Она привстала, и я кивнул ей головой. Так я познакомился с хорошими добрыми попутчиками. Я достал из чемодана пузырек «Плиски» и кусок колбасы, а Даша выложила из своей сумки продукты, и мы расположились за маленьким столиком.

Кто ездил в поездах дальнего следования, тот знает, какое удовольствие под стук колес, выпив чарку-другую хмельного, вести неторопливые задушевные беседы с новыми дорожными друзьями. Еще здороваясь с Кузьмичем, я обратил внимание, что его правая мускулистая рука сильно изувечена. Сам он был среднего роста. Крупная кучерявая голова крепко сидела на короткой толстой шее, и когда он поворачивал ее, то одновременно разворачивал и свои широченные плечи. Судя по обуви 44—45-го размера, он крепко стоял на своих немного кривых, как у кавалериста, ногах. Крупные черты лица с широким подбородком говорили о том, что это был человек недюжинной силы, упрямый и волевой. Вместе с тем у него была приятная улыбка и мягкий негромкий говор. Было ему лет под 60, а жене Даше гораздо меньше. Кузьмич, заметив, что я часто поглядываю на его правую руку, опережая мой вопрос, сказал: «Вижу, тебя, Володя, интересует моя правая рука и где я ее изувечил? Хорошо, я расскажу, потому что тот случай мог стоить мне жизни». Мы выпили еще по одной, и он, облокотившись на столик и положив подбородок на левую руку, немного помолчал задумавшись и начал свой рассказ.

— Давно это было, но начну с того, что родился и вырос я в тех краях, где когда-то мыл золото Прошка Громов. Места там дикие, необжитые. С детских лет отец учил меня, как поймать крупную рыбу, выдолбить оморочку, плавать по бурным порожистым и каменистым рекам и при этом остаться живым. Как поймать соболя, подстрелить белку и убить крупного зверя. Окончив школу и техникум, я не стал работать по специальности, а ушел в кадровые охотники. Привычный с детства к тайге, я знал ее как свои пять пальцев, потому и был самым удачливым охотником: в мои ловушки смело шел соболь, редкая белка уходила от моего выстрела. Я потерял счет убитым волкам и медведям. Но однажды фортуна повернулась ко мне спиной — я допустил дикую оплошность и чудом остался жив.
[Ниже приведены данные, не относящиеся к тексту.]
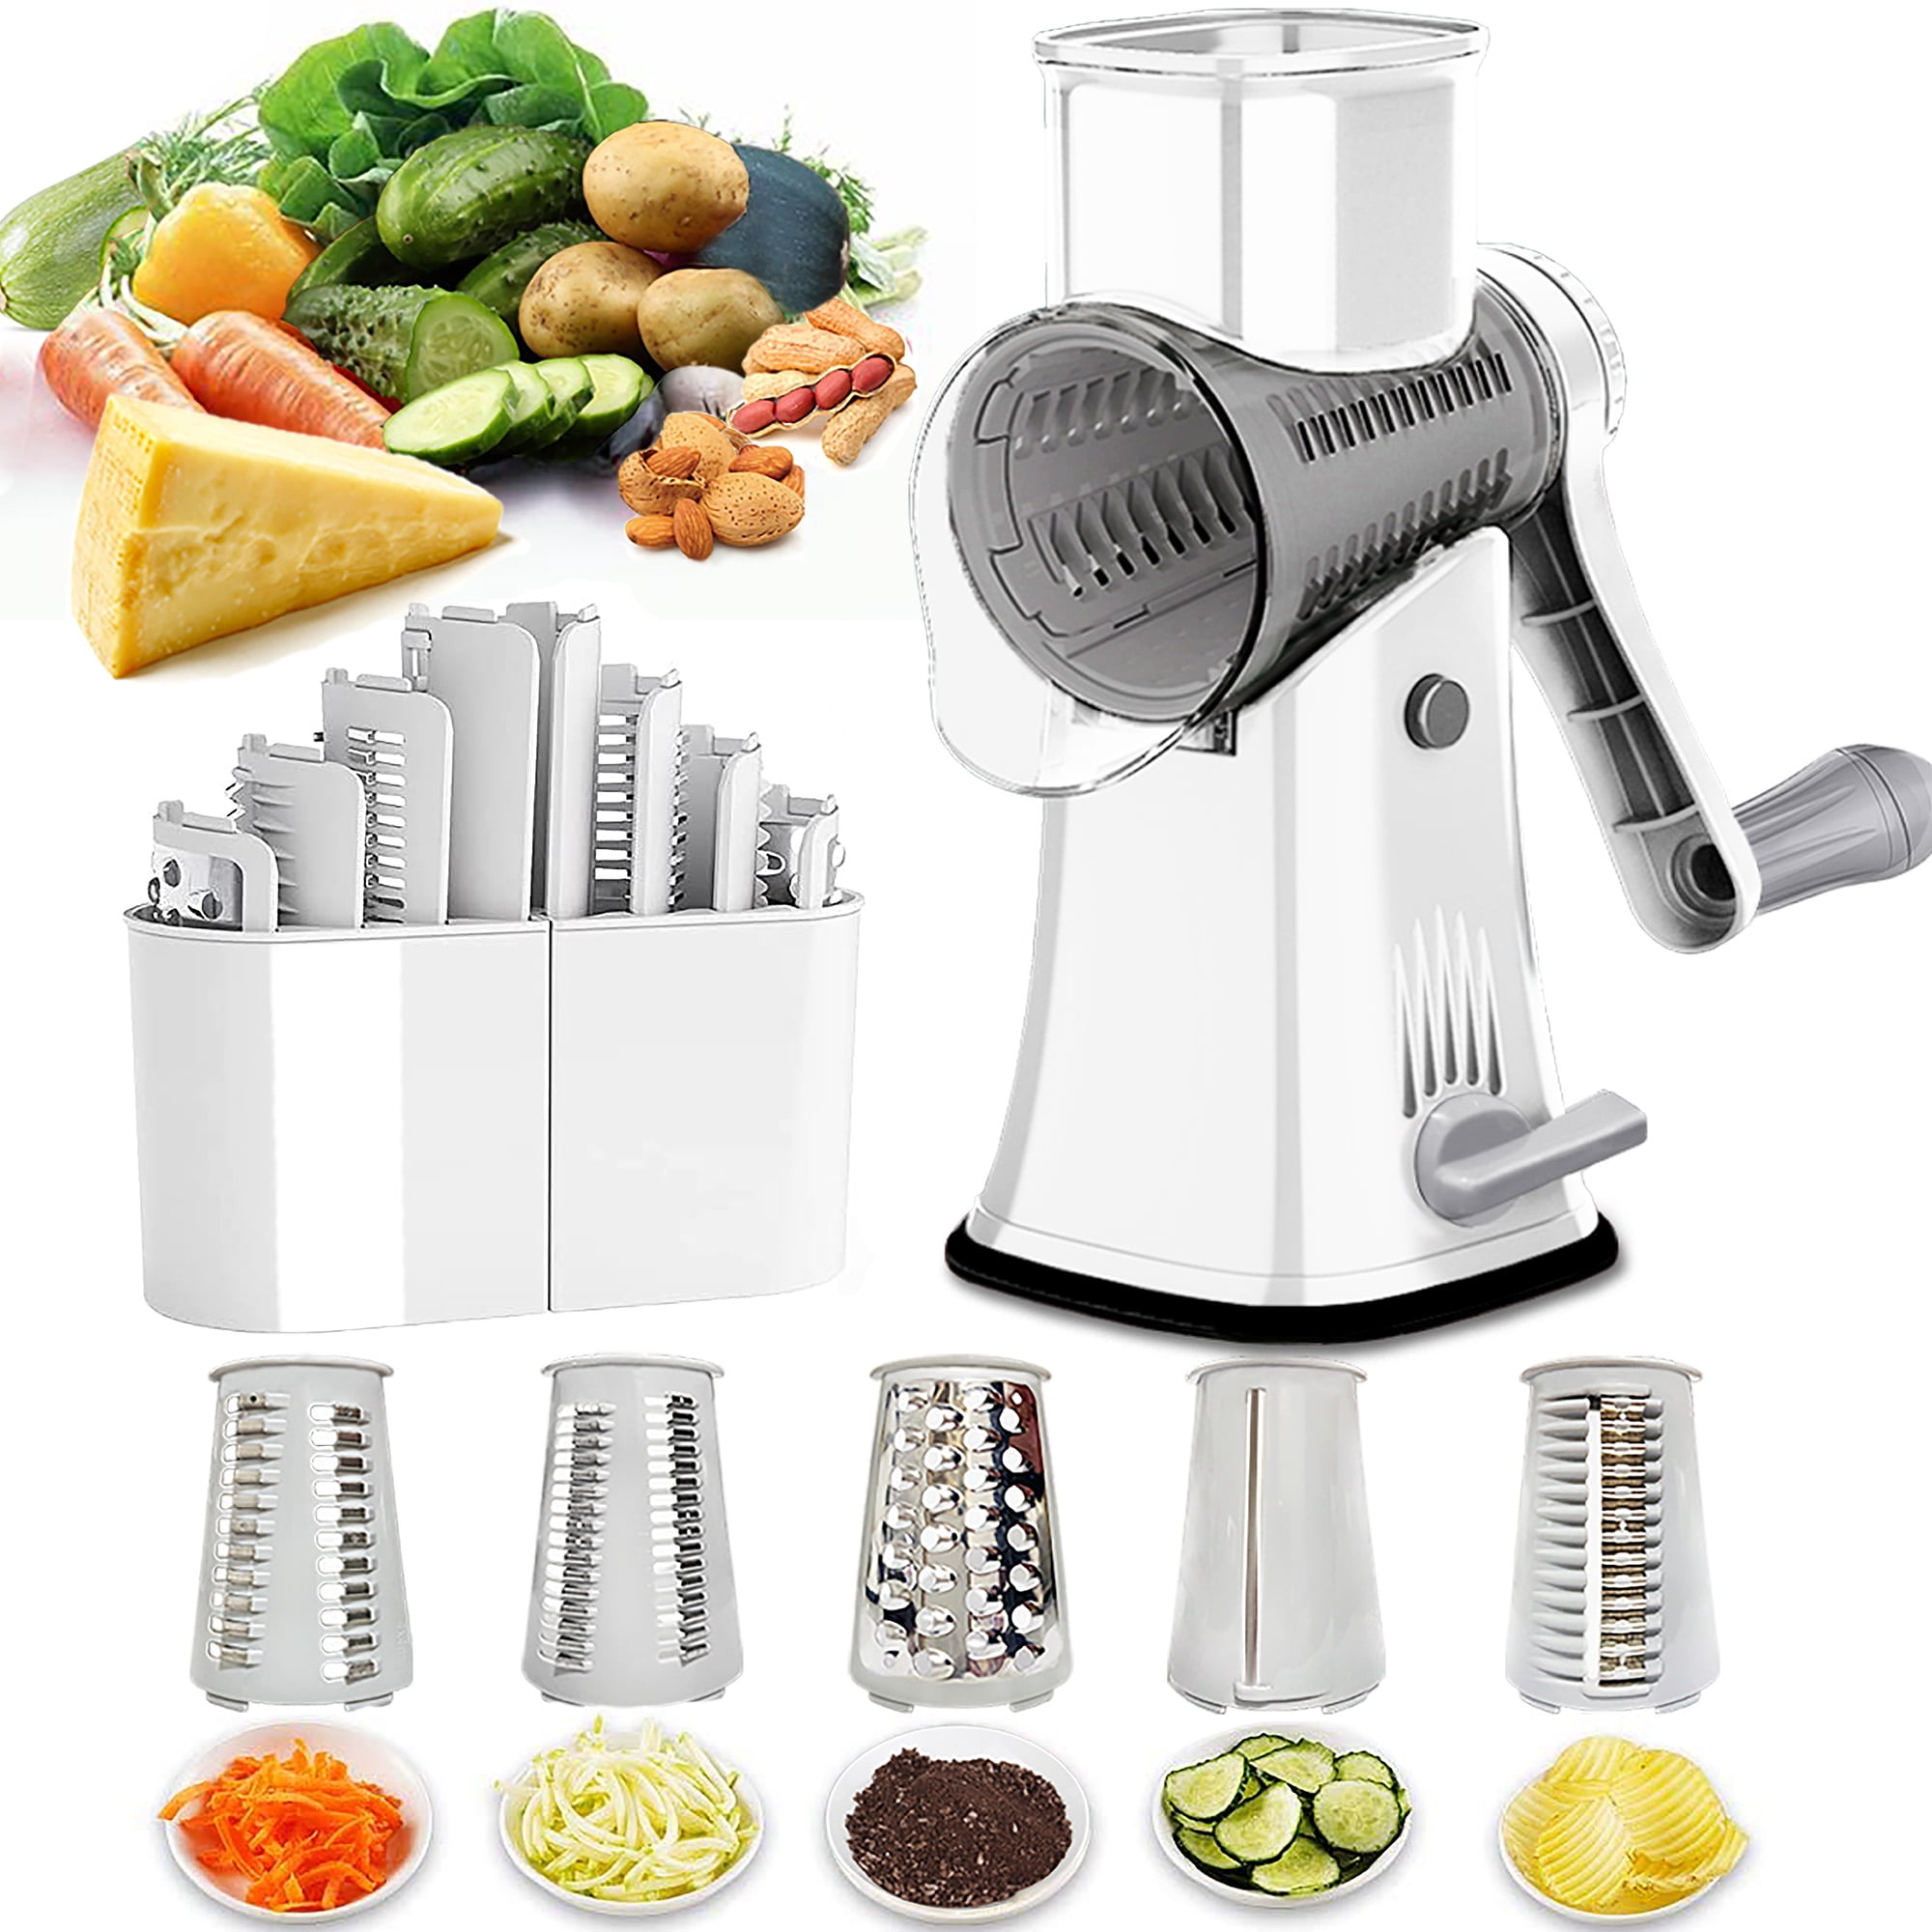 SliceEase Manual Vegetable Slicer Easy Round Mandoline For Potatoes,  Cheese, And More Compact Kitchen Gadget 210326 From Cong09, $15.08

Даже самая любимая работа постепенно перестает быть любимой. Поймать пушного зверька, набить тонны мяса  дело нехитрое, а вот добыть медведя — совсем другой разговор. Представь себе, Володя, встречу лоб в лоб с медведем у берлоги, тем более если не знаешь, сколько их там. А случалось ли вовремя заметить в чаще и убить «седуна» или выследить и убить шатуна, который разорил твою землянку, съел все твои продукты и бродит вокруг, подкарауливая тебя. Тут уж кто кого — он не уйдет, только пуля в лоб остановит его. Но есть еще один безопасный метод добычи медведя — самодельным капканом. Он изготавливается просто: берется кусок трубы 25–30 см диаметром 100–120 мм, один конец заваривается, а в другой вставляется кольцо и крепится восьмимиллиметровыми болтами, на котором 6–10 острых иголок, концы которых под углом к центру скреплены слабой пружиной. Получается горло мордушки. Внутрь трубы забрасывается тухлое мясо или рыба. Медведь, прельщенный запахом пищи, пытается достать ее и заталкивает внутрь лапу, которую обратно уже не вытащить —острые углы глубоко впиваются в нее. Капкан тонким тросиком привязывается к скобе на заглушке капкана, а вторым концом цепью за дерево или пень, крепится болтом и устанавливается рядом с холодным ключом. Медведь, как правило, сидит рядом в кочках, а лапу с капканом держит в ледяной воде, и потому на глубоких ранах не заводятся черви, а холодная вода обезболивает. Так он сидит не один день, ожидая своей смерти. Я, Володя, потому так подробно тебе рассказываю, чтобы ты представил меня на месте медведя, сидящего на берегу холодного ключа.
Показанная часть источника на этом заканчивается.